На этот раз я сразу нашел Владимира Ильича и Зиновьева. Мы установили единство по основным вопросам. Разногласия существовали по вопросу о лозунге самоопределения наций; что касается открытого провозглашения лозунга раскола, то и Ленин считал его вопросом тактическим, не решимым зависимо от силы оппозиции во всякой стране. Я поселился в Берне, где читал лекции по империализму в партийной школе, писал в бернском и цюрихском партийных органах, писал для бременского органа и для «Лучей Света» Борхарда и организовал нелегальную связь с Германией через жену, которая работала врачом в Моабитском госпитале в Берлине. Ежедневное общение с Лениным, обмен мнениями убедили меня окончательно, что большевики являются единственной революционной партией в России, и уже на апрельской международной конференции женщин в пятнадцатом году я помогал в борьбе против центристских настроений Клары Цеткин. Одновременно мы совместно действовали среди молодежи, издававшей «Интернационал Молодежи», совместно вели пропаганду в швейцарской социал-демократии. Когда по инициативе Троцкого, Балабановой и Роберта Гримма началась подготовка к созыву Циммервальдской конференции, то уже была установлена связь части немецкой левой, так называемых северо-германских левых радикалов, большевиков, шведских левых, части швейцарских левых с большевиками. Жена, приехавшая на несколько недель в Швейцарию, возвращаясь в Германию, взяла с собою приглашение на Циммервальдскую конференцию.
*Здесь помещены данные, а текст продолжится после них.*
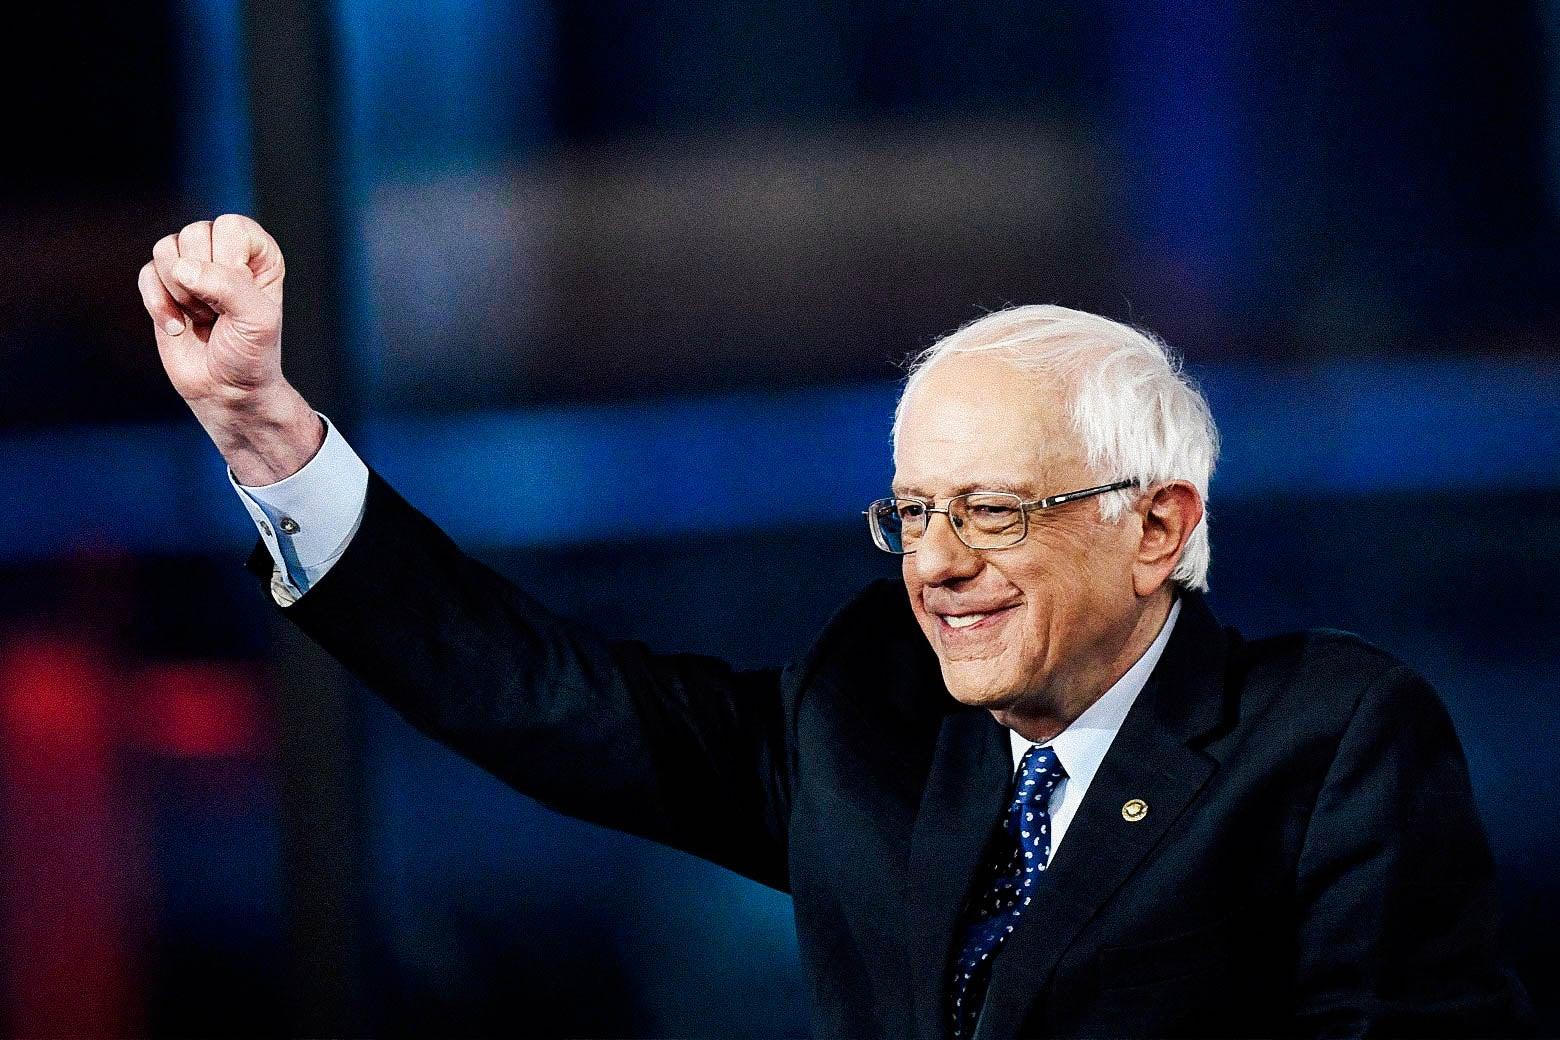 Sanders smiles and raises his fist onstage.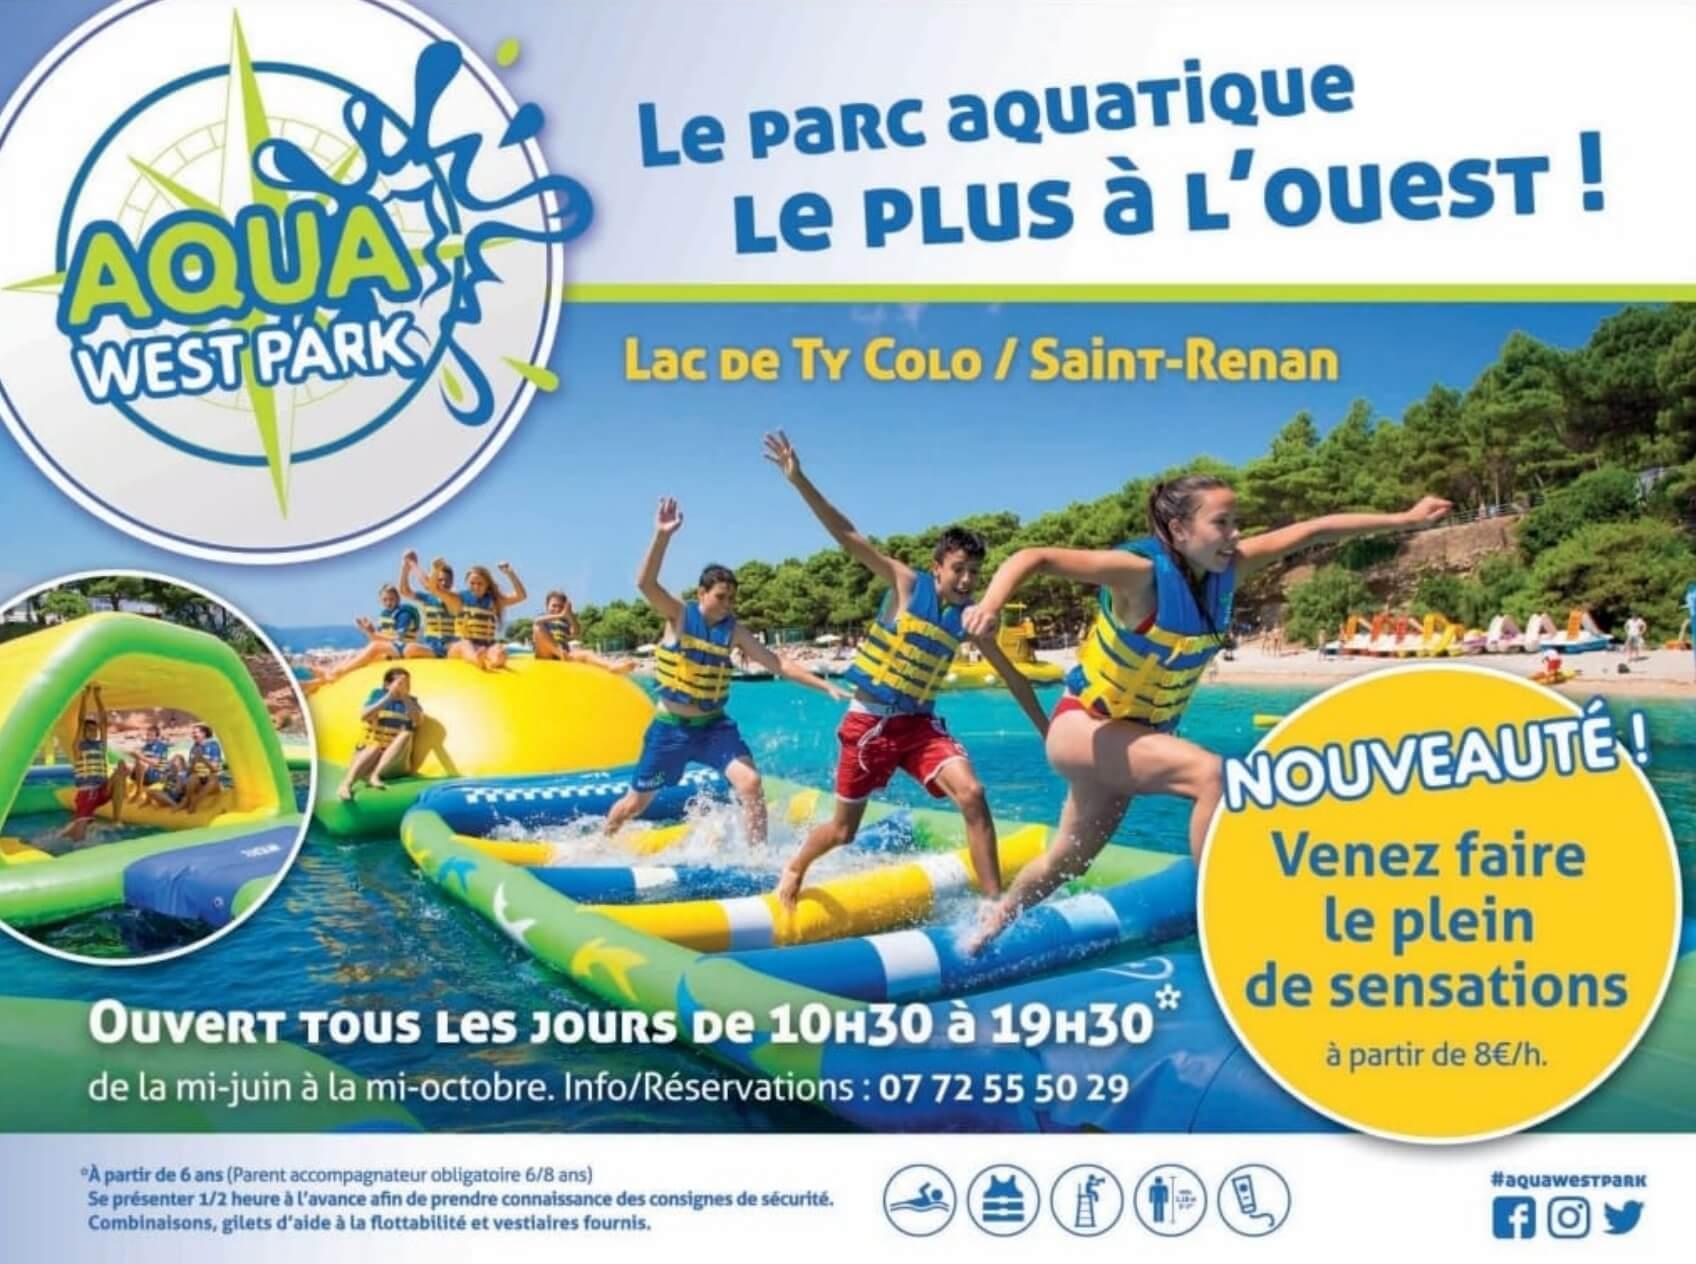 Aquawest Parc

К Циммервальдской конференции мы подготовлялись очень тщательно. Я написал тезисы, которые подверглись тщательной критике со стороны Ленина; он настаивал на придании им агитационного характера, на большей сжатости. Принципиальных разногласий между нами при составлении тезисов не было. Когда конференция собралась, картина соотношений на ней была следующая. Правое крыло представляли немецкие центристы с Ледебуром во главе, центр представляли французы, итальянцы, Коларов от болгар, Раковский, Мартов, Троцкий, спартаковцы с Манером во главе, Лапинский от левого крыла ППС, на левом фланге находилась наша группа в составе Ленина, Зиновьева от большевиков, Берзина от латышей, меня от краевой польской с.-д., Борхарда от немецких левых, Нерман и Хеглунда от шведов и Фрица Платена от левых швейцарских с.-д. По поручению нашей группы я выступал докладчиком; отвечал Ледебур, которого позже громили Ленин и Зиновьев. Борьба шла по двум вопросам — об обязательности голосования против военных кредитов и о необходимости стремления выйти из пропагандистских кружков на улицу, о необходимости развертывания массовой классовой борьбы против последствий войны, с целью сделать эту борьбу по мере ее нарастания борьбою против войны. Для защиты нашей точки зрения мы послали в комиссию Ленина. Несмотря на неудовлетворительность резолюции, принятой комиссией, мы решили единогласно подписать воззвание, считая, что момент разрыва с центром придет только тогда, когда массовое рабочее движение примет более широкие размеры.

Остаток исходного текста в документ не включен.